- Born: 1962 (age 63–64) Kaunas, Lithuania
- Genres: avant-garde, contemporary classical, experimental, electroacoustic
- Occupation: composer/performer/broadcaster/essayist/curator/video artist

= Šarūnas Nakas =

Šarūnas Nakas (born August 2, 1962) is a Lithuanian composer, essayist, curator, filmmaker and broadcaster.

A student of Julius Juzeliūnas at the Lithuanian Academy of Music and Theatre, he graduated in 1986 before going to Poland for further study between 1988 and 1991; he has also worked at the IRCAM in Paris (1998). Meanwhile, he followed classes with Witold Lutoslawski, Louis Andriessen and Gérard Grisey.

In 1982, Nakas founded the Vilnius New Music Ensemble, with which he has toured in 15 European countries and Canada for eighteen consecutive years. Nakas was also artistic director of the Gaida contemporary music festival (1996) and Musica Ficta festival (1997), both in Vilnius. In 2001 he wrote a textbook on contemporary music, the first of its kind in Lithuania. Between 2000 and 2007 he was a musical editor of the cultural monthly Kultūros barai in Vilnius. Since 2002 he's hosting programs about contemporary music on Lithuanian radio. Since 2011, he has been moderating the online magazine for contemporary music modus-radio.com.
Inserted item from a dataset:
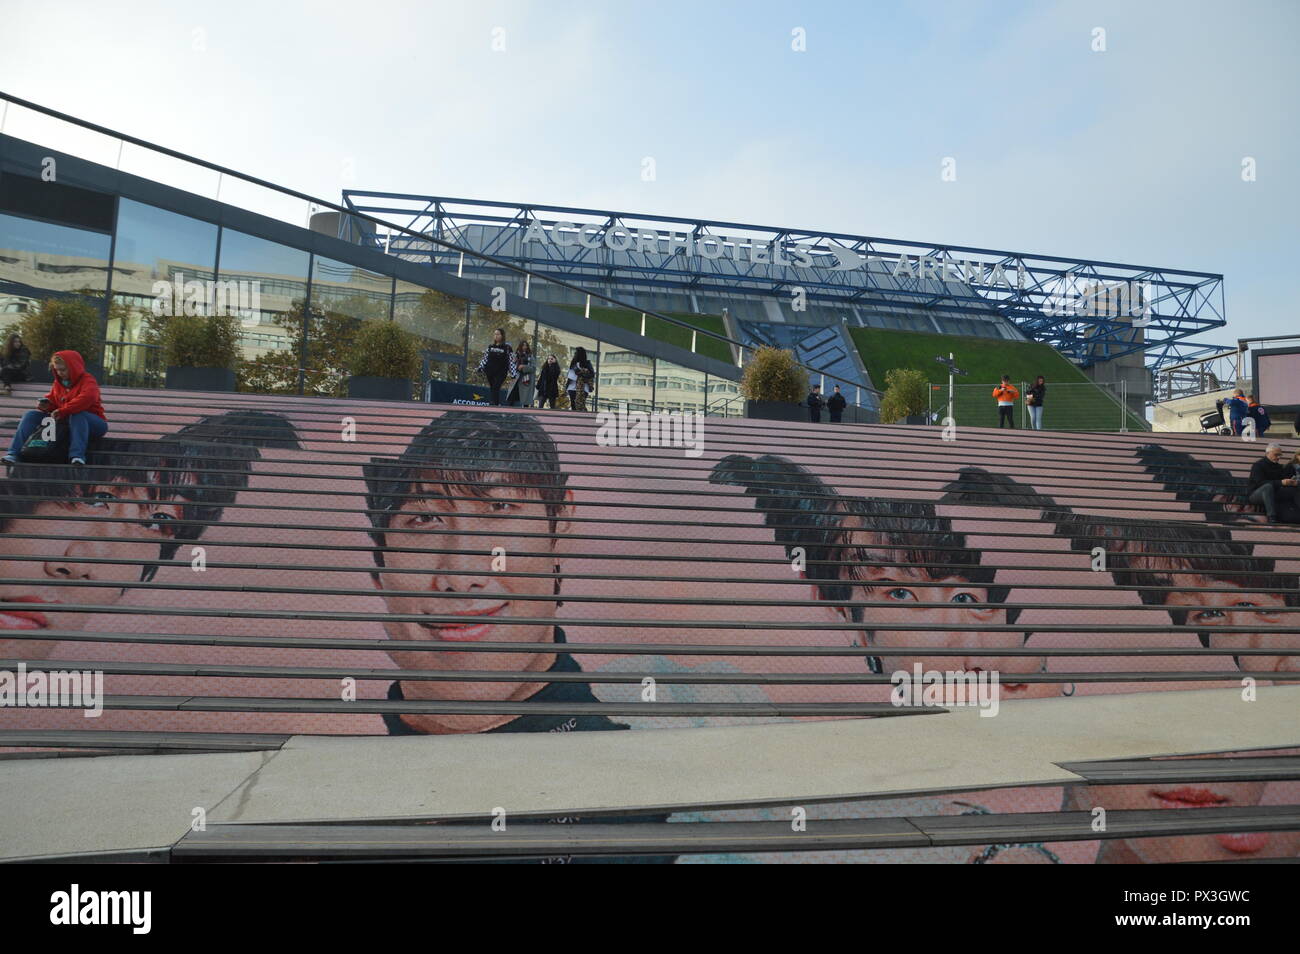 Paris, France. 19th October, 2018. Portraits of the BTS painted on stairs. Fans of kpop band BTS (Bangtan Boys or Bulletproof Boy Scouts)are sleeping outdoor waiting since the eve for the concert at Paris-Bercy (Accord Hotel Arena). 19 october 2018.  ALPHACIT NEWIM / Alamy Live News Stock Photo
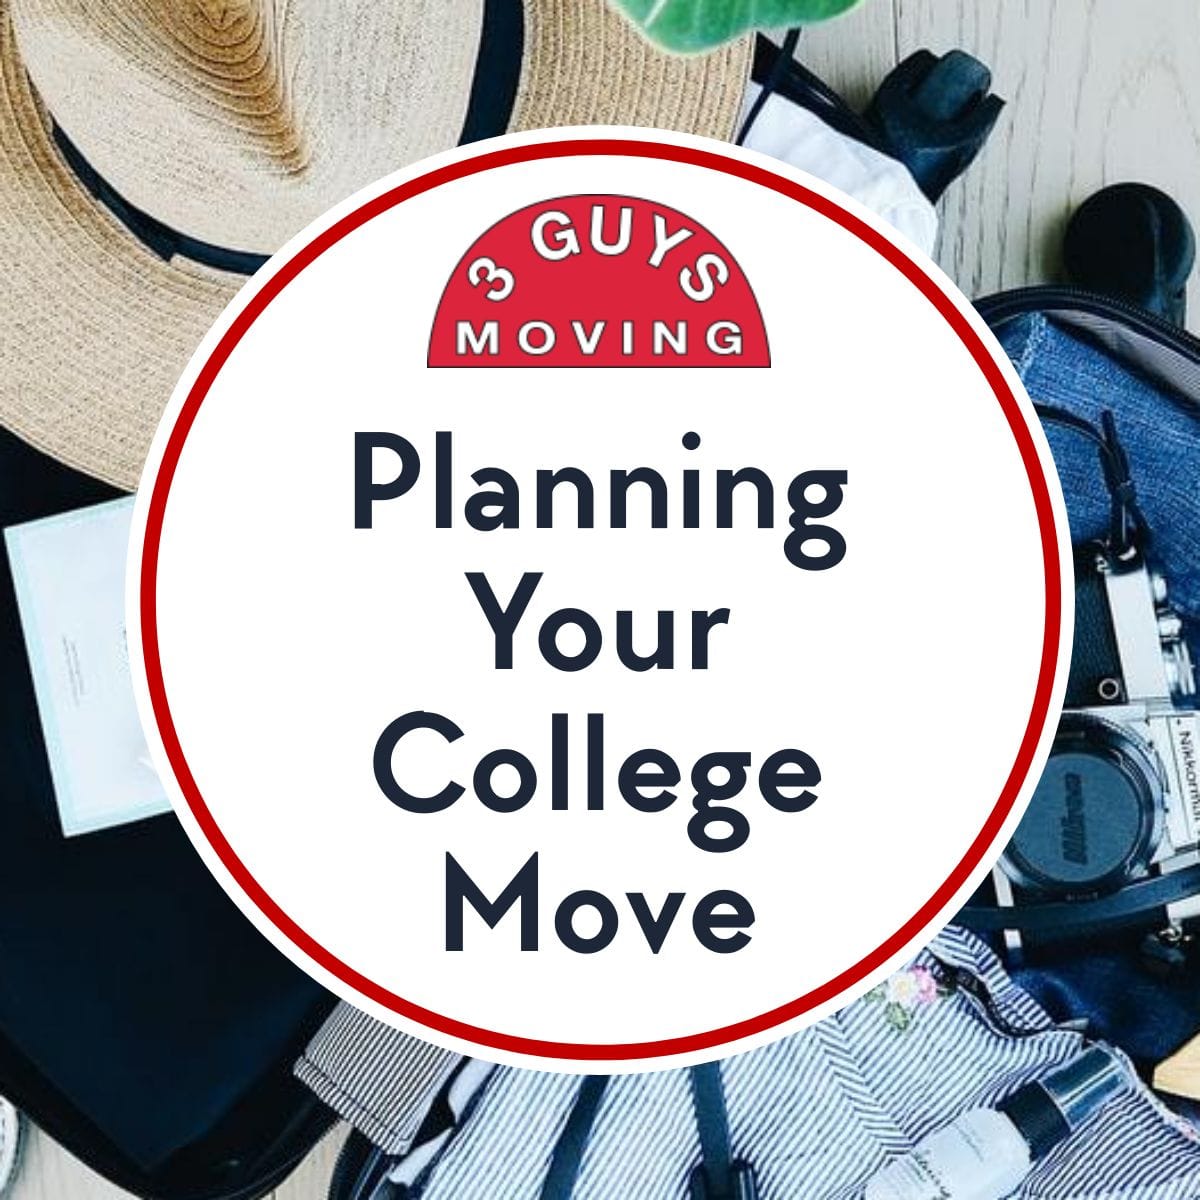 Planning Your College Move - Planning Your College Move

Since 2005, he has worked on multi-channel video installations, using his own music as soundtrack. In 2012, Nakas founded the Šarūnas Nakas' Multimedia Quintet.

He was co-curator of the international art exhibition Dialogues of Colour and Sound. Works by M. K. Čiurlionis and his contemporaries in Vilnius (2009).

Nakas was awarded the Lithuanian National Arts and Culture Prize in 2007, and has received numerous other awards for his work.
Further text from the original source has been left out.